┏━━
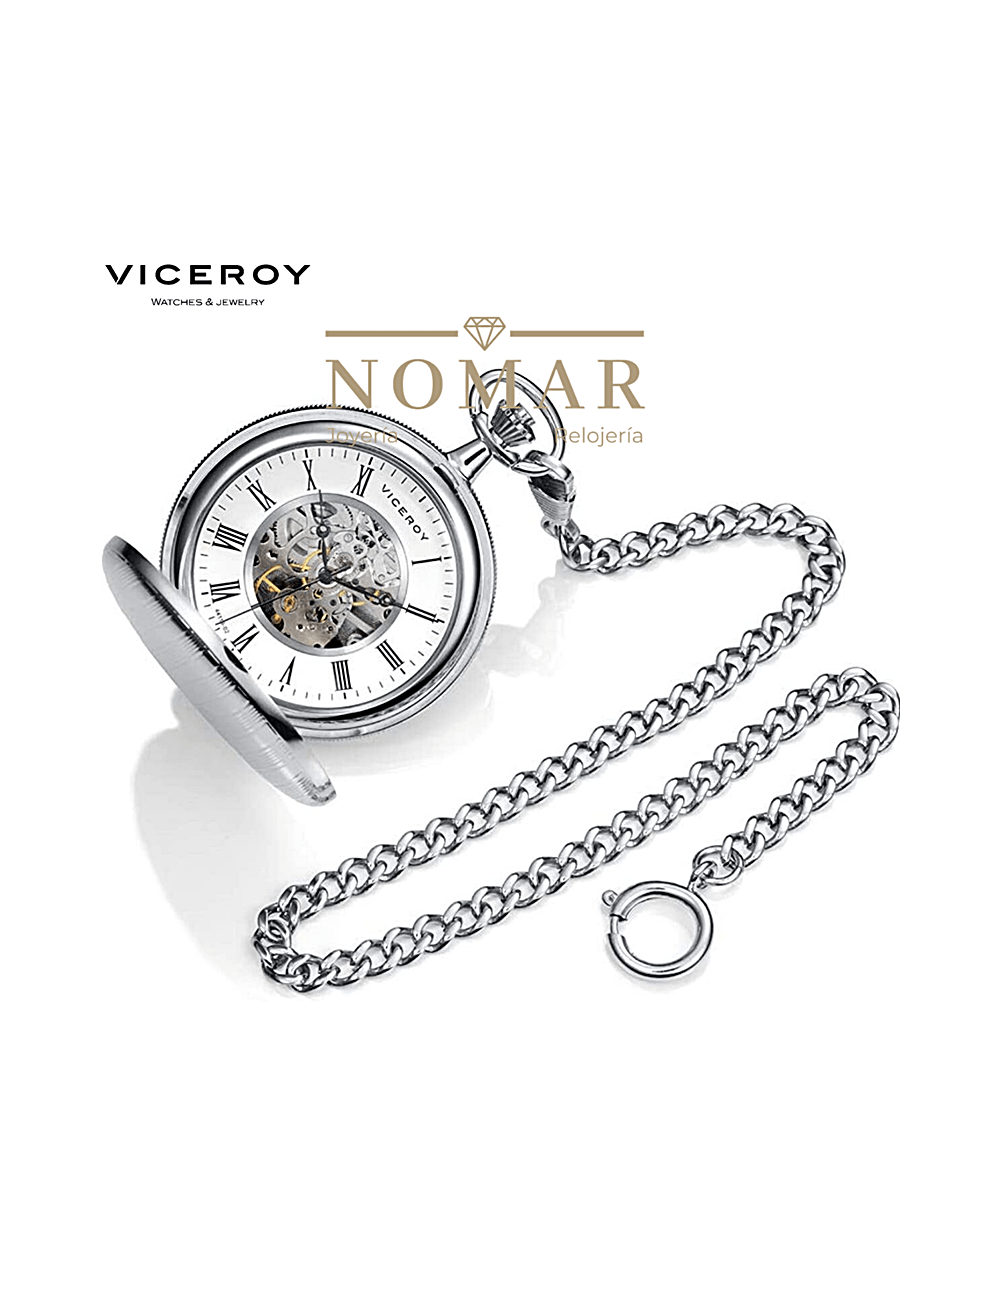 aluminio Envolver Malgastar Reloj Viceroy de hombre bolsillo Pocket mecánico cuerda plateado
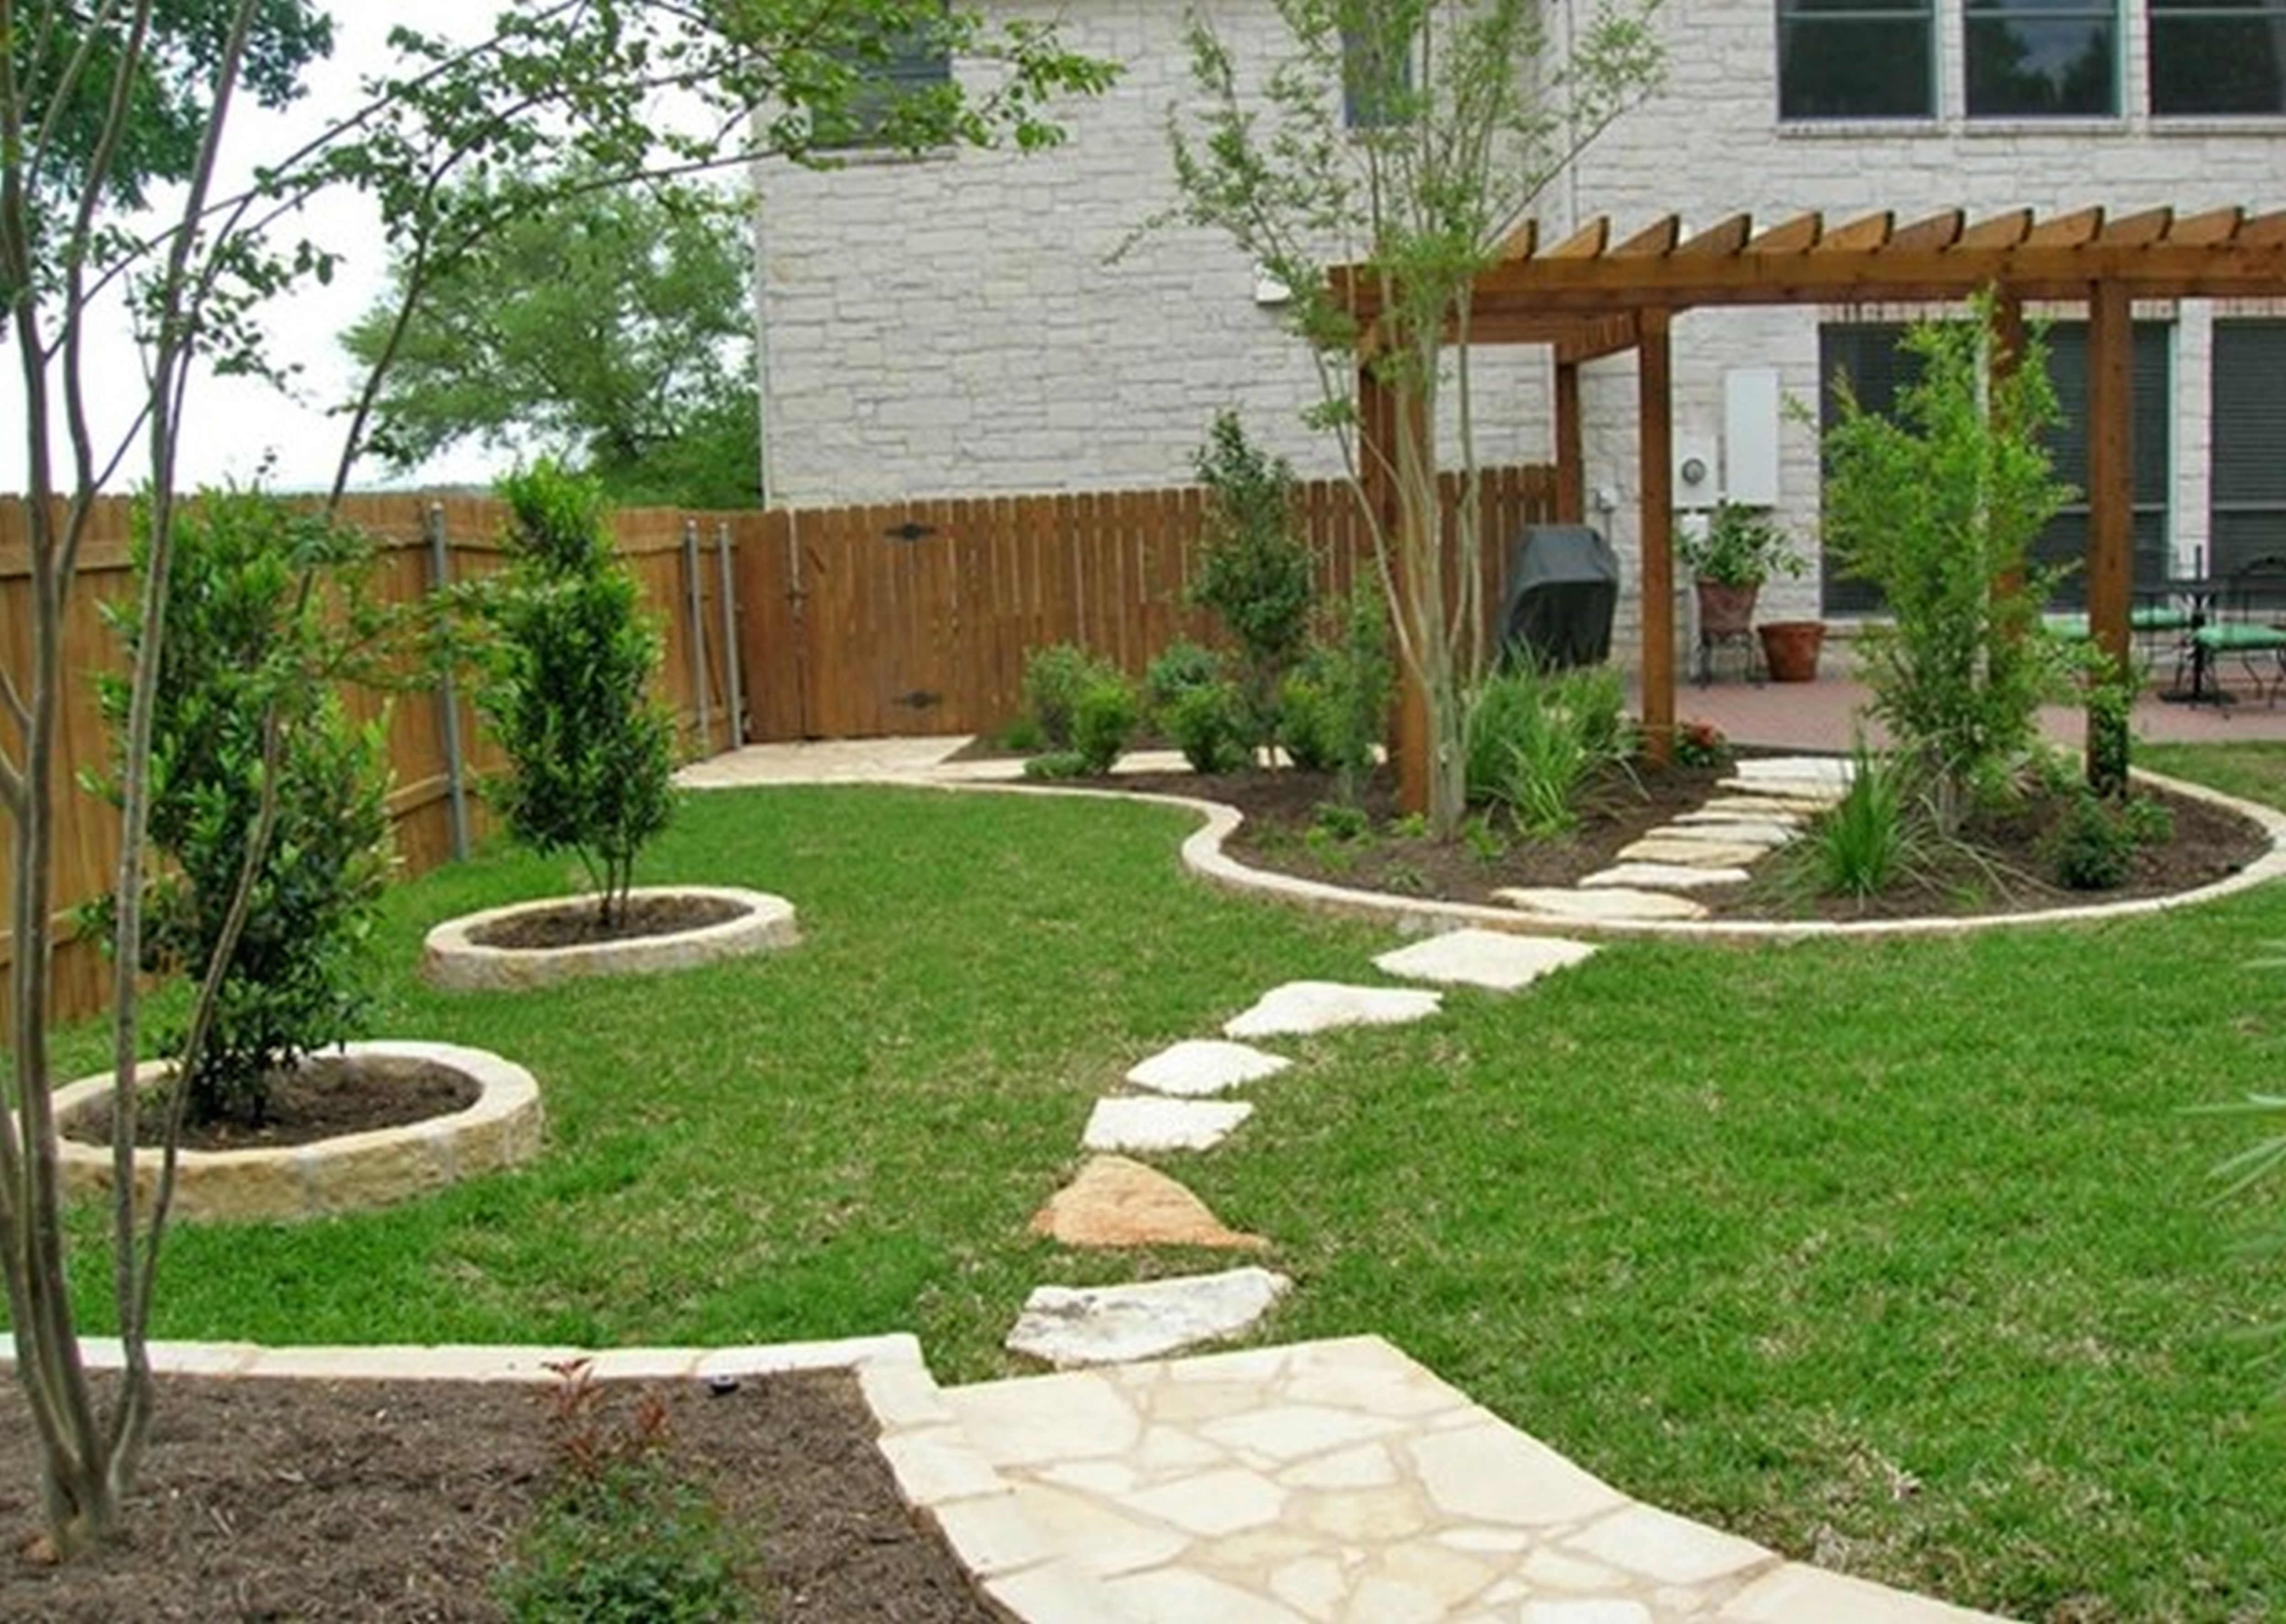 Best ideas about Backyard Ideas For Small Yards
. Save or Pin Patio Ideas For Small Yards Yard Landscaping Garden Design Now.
┗━━
◆ **WHAT TO PRODUCE**
Transcribe all lines above exactly, skipping pictures.

◆ **ANSWER FOR THE TASK**
 aluminio Envolver Malgastar Reloj Viceroy de hombre bolsillo Pocket mecánico cuerda plateado
 Best ideas about Backyard Ideas For Small Yards
. Save or Pin Patio Ideas For Small Yards Yard Landscaping Garden Design Now.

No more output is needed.